REQUIRED WORK
As written and without pictures, set down the lines from the one that contains "Concepto cerebro hechas" through the end of the data.

==== DATA BELOW

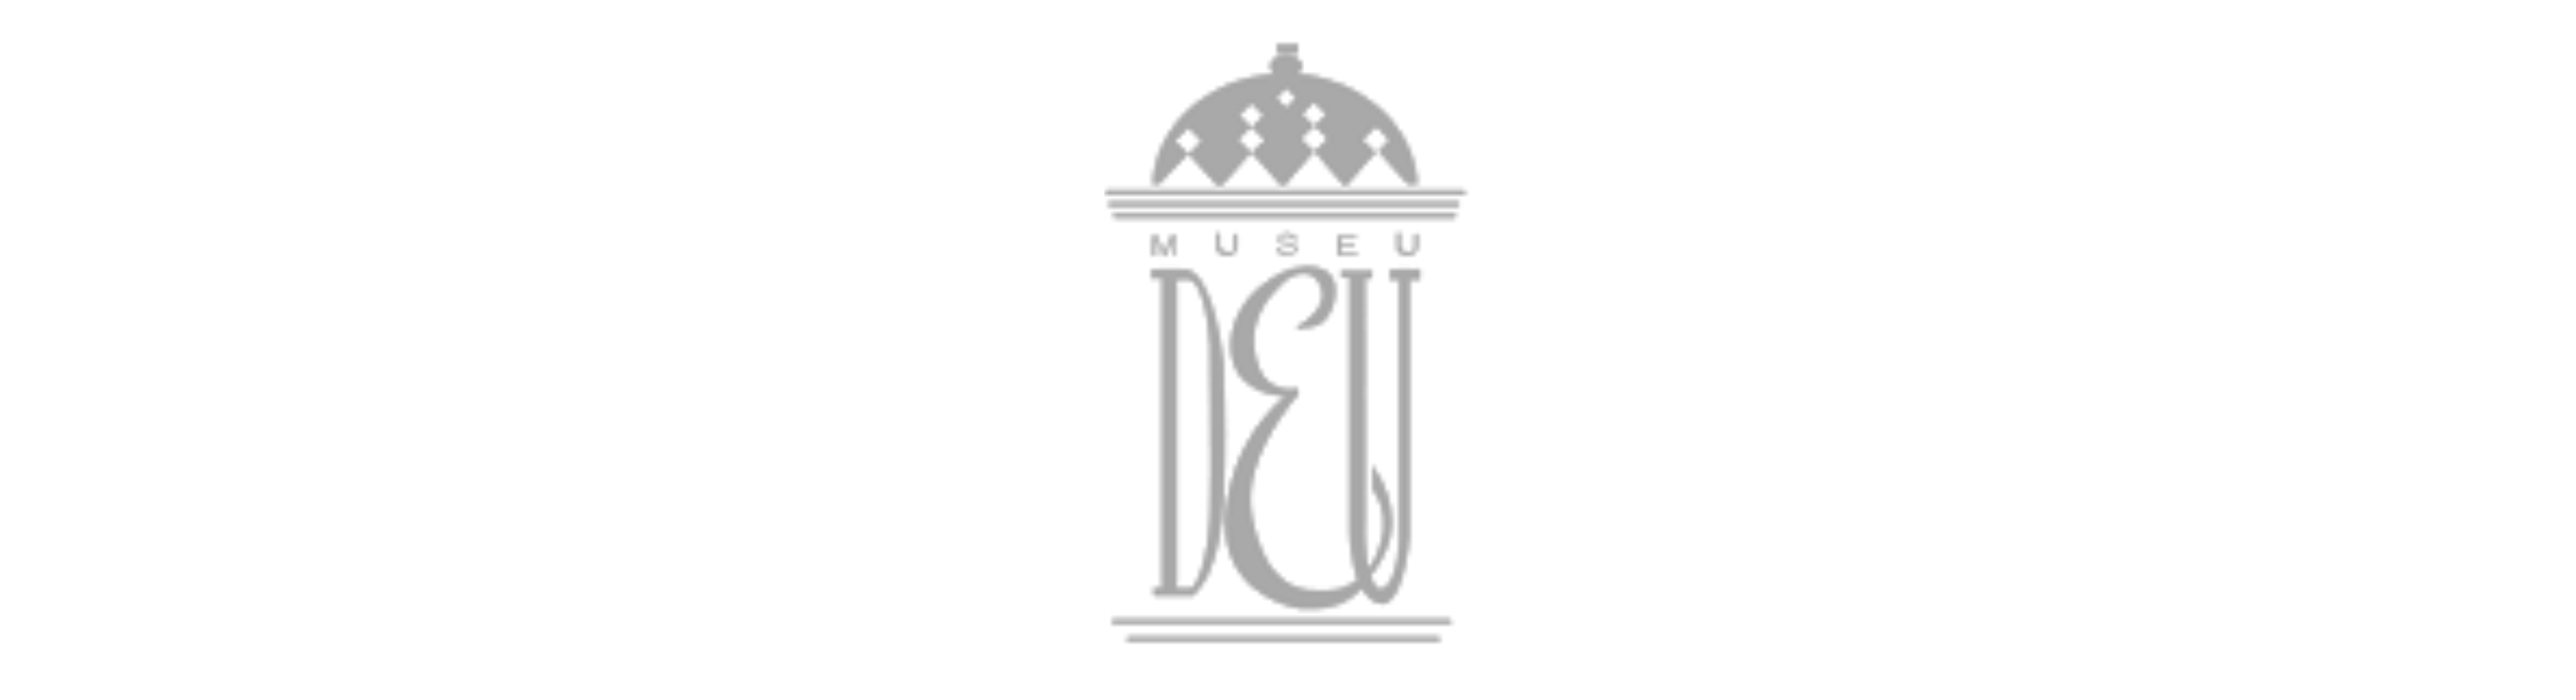 client-logo-10
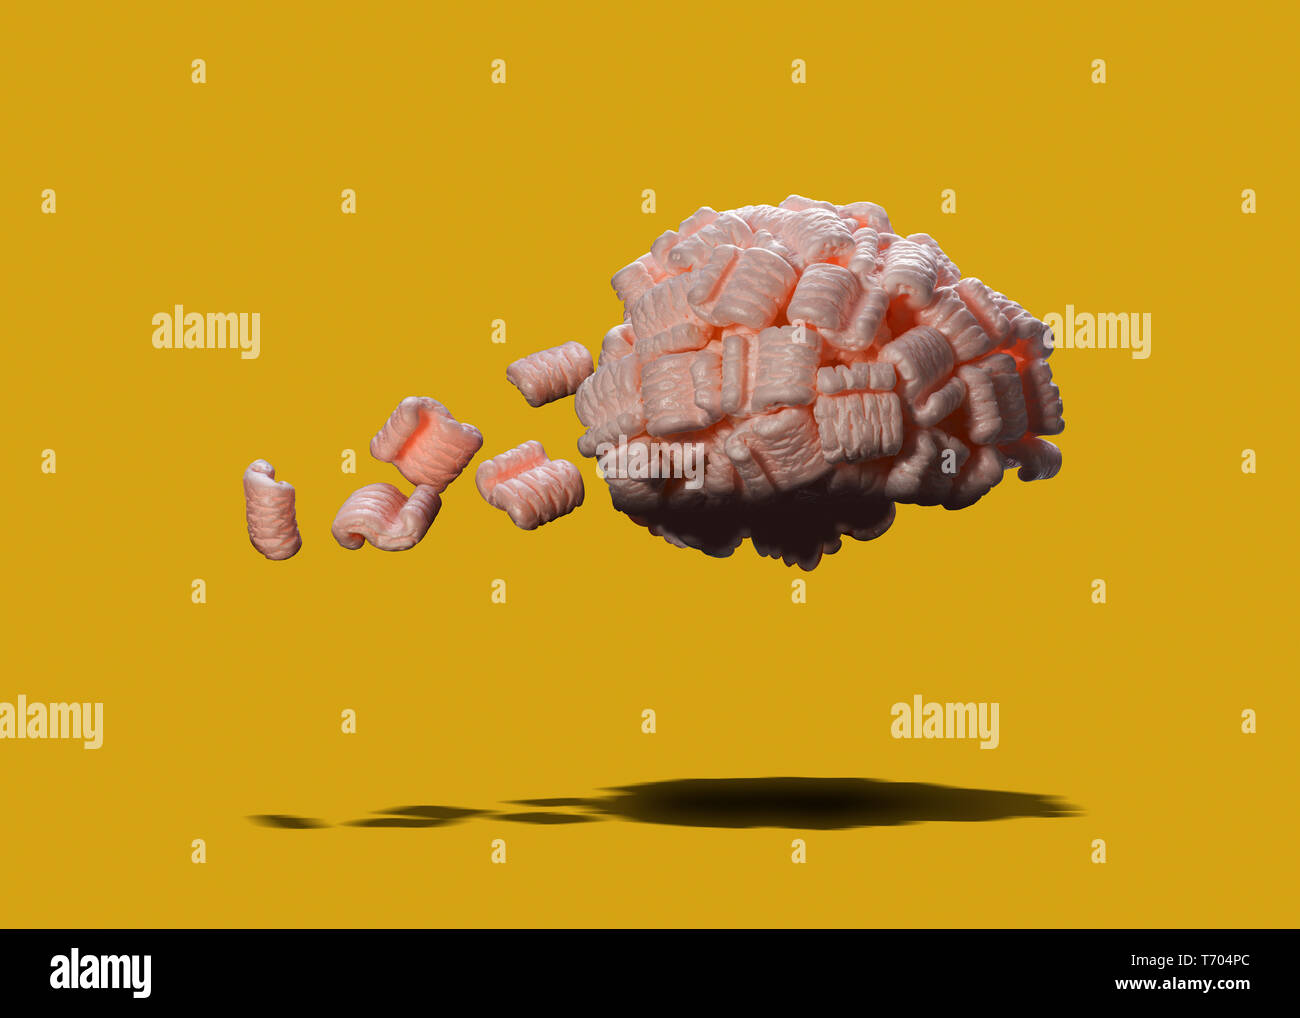 Concepto cerebro hechas de material de embalaje perder piezas, perder, pérdida de memoria, enfermedades cerebrales, daño cerebral, Foto de stock
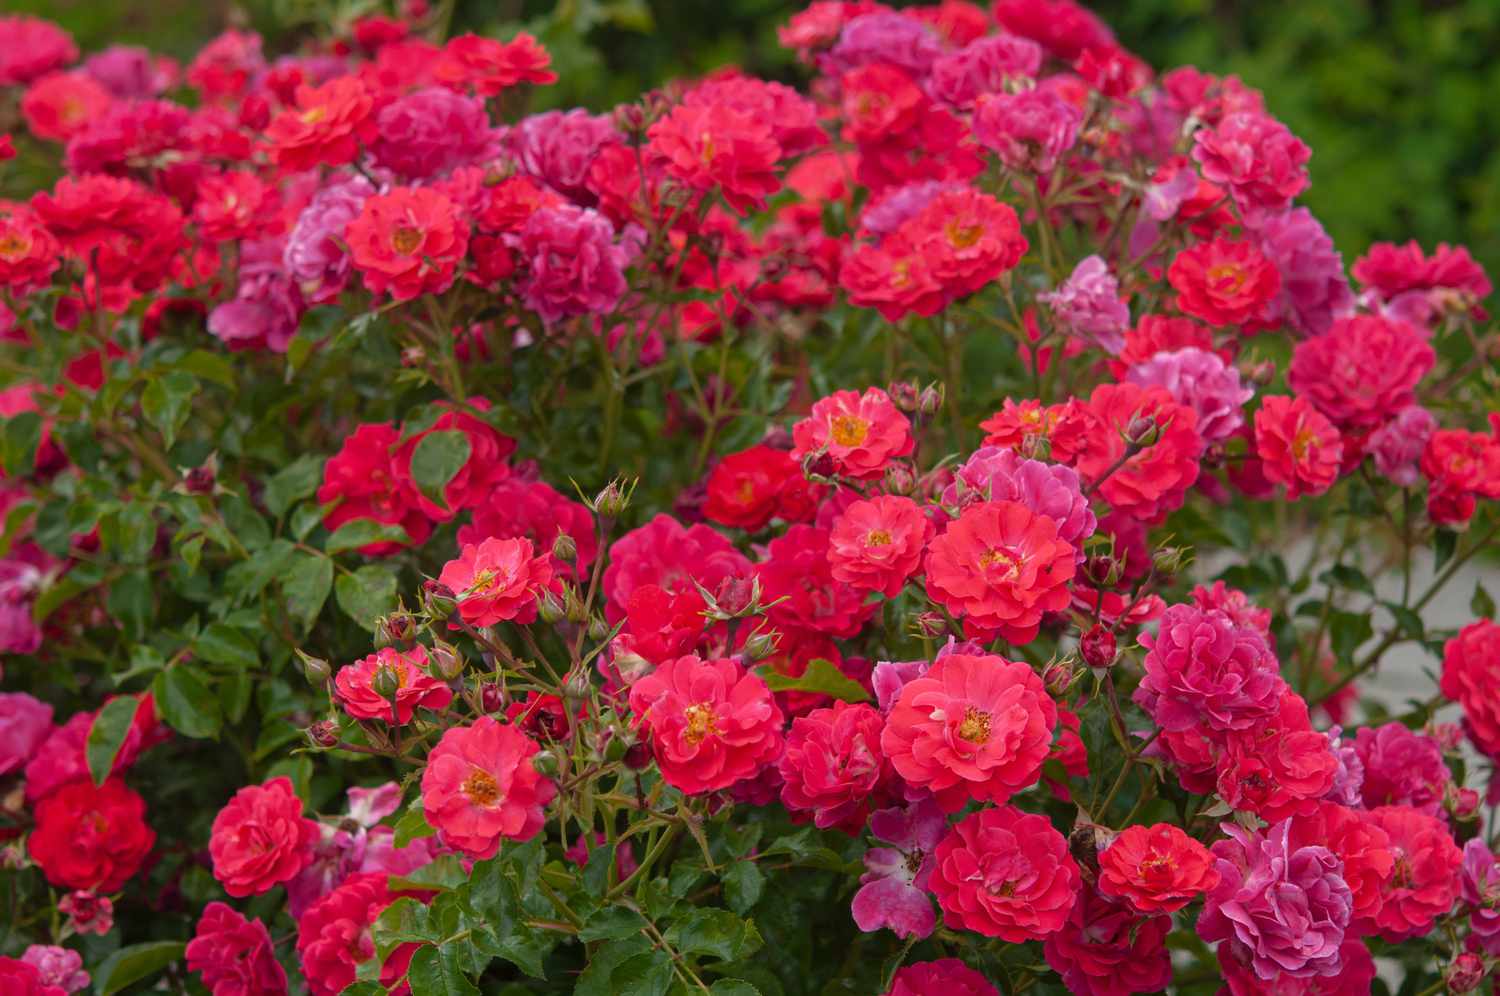 Arbuste de rose avec des fleurs de rose rose vif entourées de feuilles

========

YOUR RESPONSE
 Concepto cerebro hechas de material de embalaje perder piezas, perder, pérdida de memoria, enfermedades cerebrales, daño cerebral, Foto de stock
 Arbuste de rose avec des fleurs de rose rose vif entourées de feuilles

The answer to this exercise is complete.